Studio album by Royal Crown Revue
- Released: 1996
- Genre: Swing revival
- Label: Warner Bros.
- Producer: Ted Templeman

Royal Crown Revue chronology
| Kings of Gangster Bop (1991) | Mugzy's Move (1996) | Caught in the Act (1997) |

= Mugzy's Move =

1996 album by Royal Crown Revue

Mugzy's Move is an album by the American band Royal Crown Revue, released in 1996. The album cover art was inspired by classic pulp fiction.

The album peaked at No. 11 on Billboards Jazz Albums chart. The band supported Mugzy's Move by touring with the Pretenders.

==Production==
The album was produced by Ted Templeman, who had also signed Royal Crown Revue. The band recorded it as a septet. The lyrics were inspired by frontman Eddie Nichols's love of mid-20th century crime movies and novels.

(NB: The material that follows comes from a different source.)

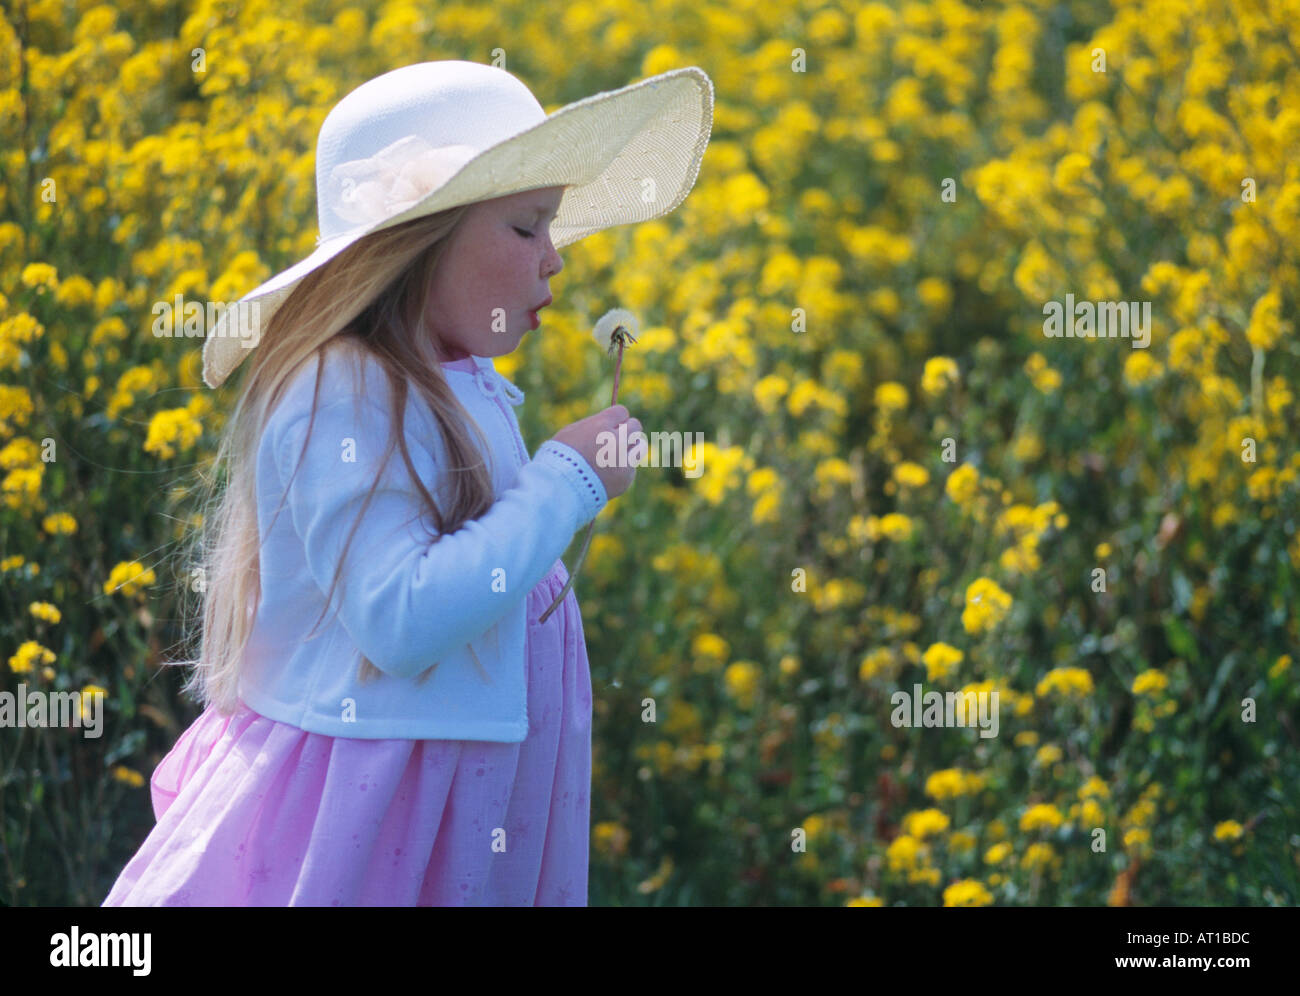 Little girl in hat blowing dandelion in field of  yellow rapeseed flower Stock Photo

"Beyond the Sea" is a cover of the song made famous by Bobby Darin. "Honey Child" is a version of the Willie Dixon song. "Hey Pachuco!", which was met with questions related to cultural appropriation, was first heard on the soundtrack to The Mask. "Datin' with No Dough" is an autobiographical song.

==Critical reception==

The Province wrote: "A self-conscious collision (or collusion?) of film noir, pulp fiction and big band swing, Royal Crown Revue are Kansas City rhythm and blues out of sync and out of time but enormously entertaining." The Florida Times-Union deemed Mugzy's Move "a great recording with a swinging big band sound that can match the energy of any act today." The Orange County Register concluded that "if there's a flaw, it's that singer Eddie Nichols' voice doesn't have the requisite range and suave soulfulness."

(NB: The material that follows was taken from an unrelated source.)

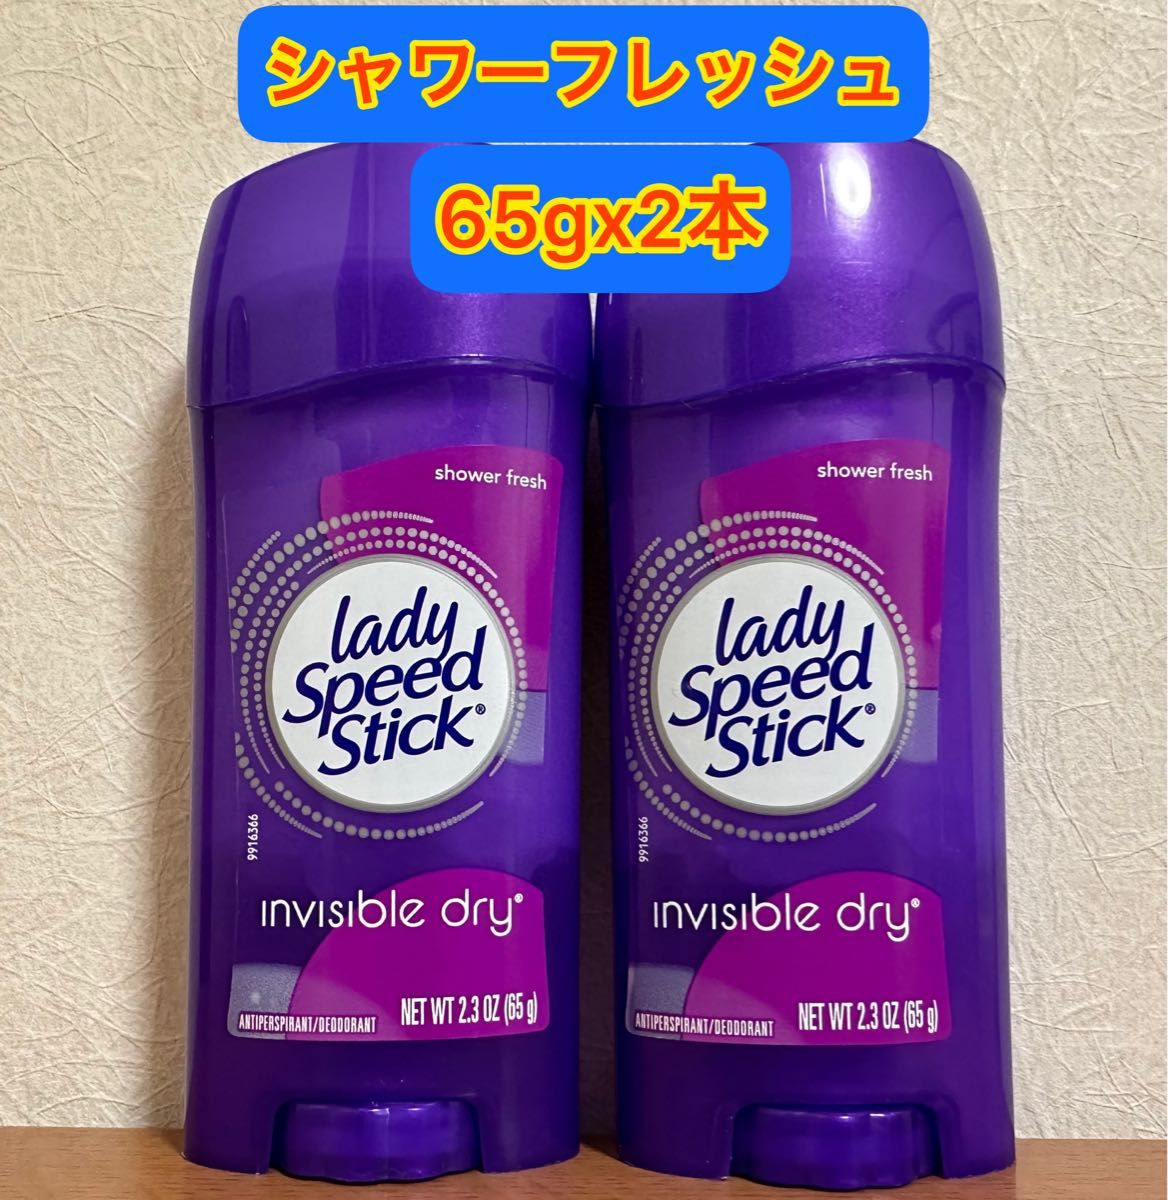 【65gx2本】レディスピードスティック シャワーフレッシュ オドラント 制汗剤

The Honolulu Star-Bulletin called the album "a refreshingly original musical journey through the seedier side of the SoCal scene—retro but contemporary." The Baltimore Sun noted the "energetic, muscular sound, thoroughly grounded in California zoot suit culture." The Advocate opined that "for all its hep cat energy, attitude and chops, Royal Crown Revue's retro-swing-bop comes off like an imitation of an imitation."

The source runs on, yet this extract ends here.